SPHNet is an efficient and scalable equivariant network that incorporates adaptive SParsity into Hamiltonian prediction task. SPHNet employs two innovative sparse gates to selectively constrain non-critical interaction combinations, significantly reducing tensor product computations while maintaining accuracy. 


# Setup environment
## Local environment
By running the following command, you will create a virtual environment with all the necessary packages to run the code.
Note that it is better to use CUDA driver more than 520, due to the requirement of the package `CUDA Toolkit 12`.
```bash
conda env create -n sphnet -f environment.yaml
conda activate sphnet
```

# Data preparation
Before training, you need to preprocess the data into our custom format to maximize model performance. 

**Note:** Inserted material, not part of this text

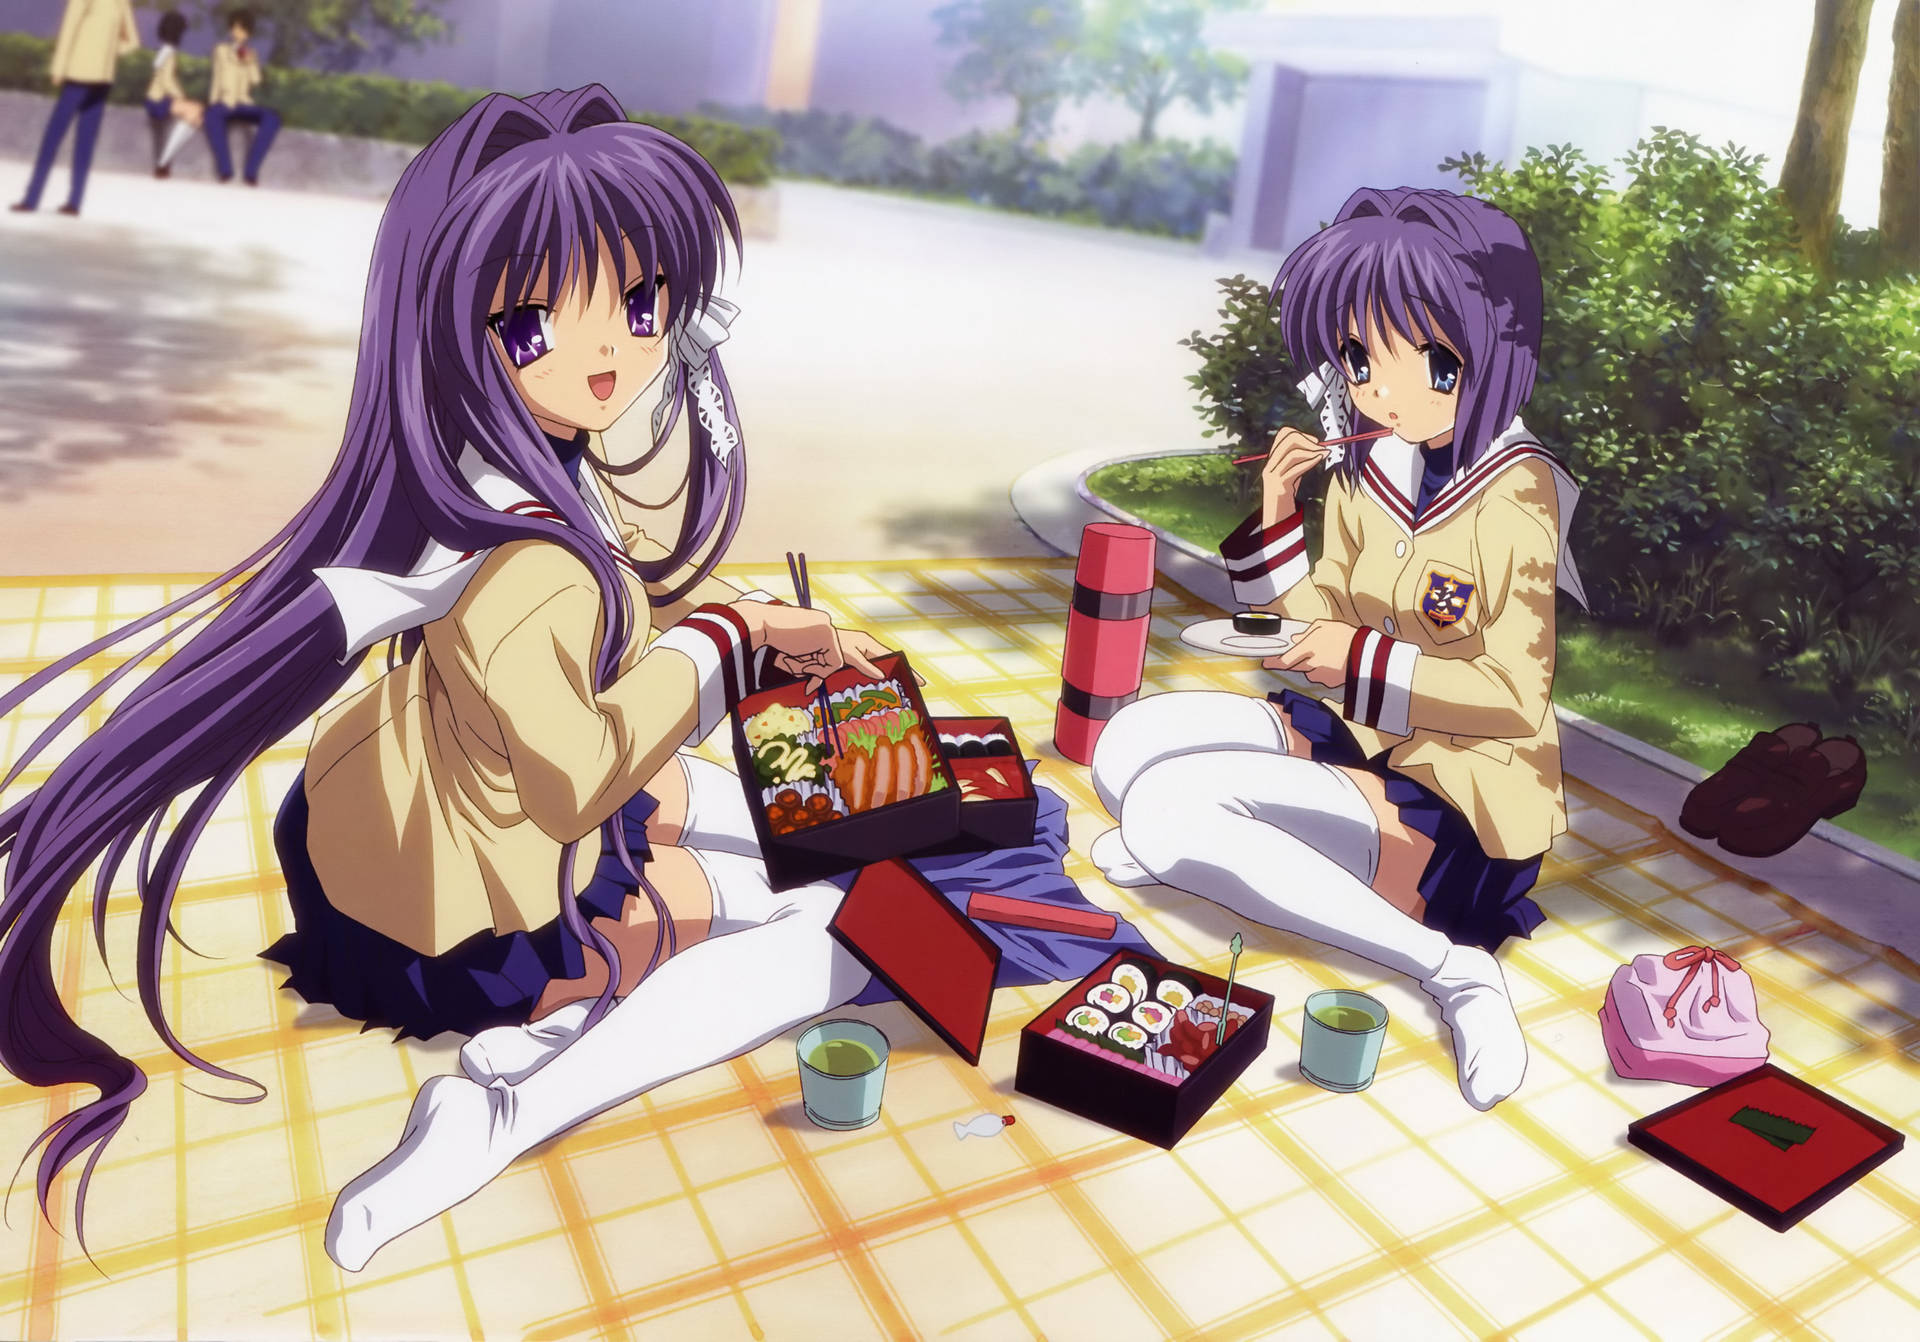 Kyou And Ryou Clannad Wallpaper

You can generate well-formed data with below command for md17 and qh9 dataset or modify this file to preprocess your own dataset. We support original data file in both lmdb and mdb format. 
    
```bash
python src/dataset/preprocess_data.py --data_name qh9_dynamic_mol --input_path /path/to/original/QH9Dynamic --output_path /path/to/preprocessed/qh9/dynamic/data.mdb
```

For data_name we support qh9_stable/dynamic_split (such as qh9_dynamic_mol). For input_path, set the folder path where you put the QH9Dynamic/QH9Stable folder. We also provide an example data in the ./example_data folder, which is a small subset of qh9_stable_iid. You can skip the preprocess and set the dataset-path to ./example_data/data.lmdb to fast train and test model.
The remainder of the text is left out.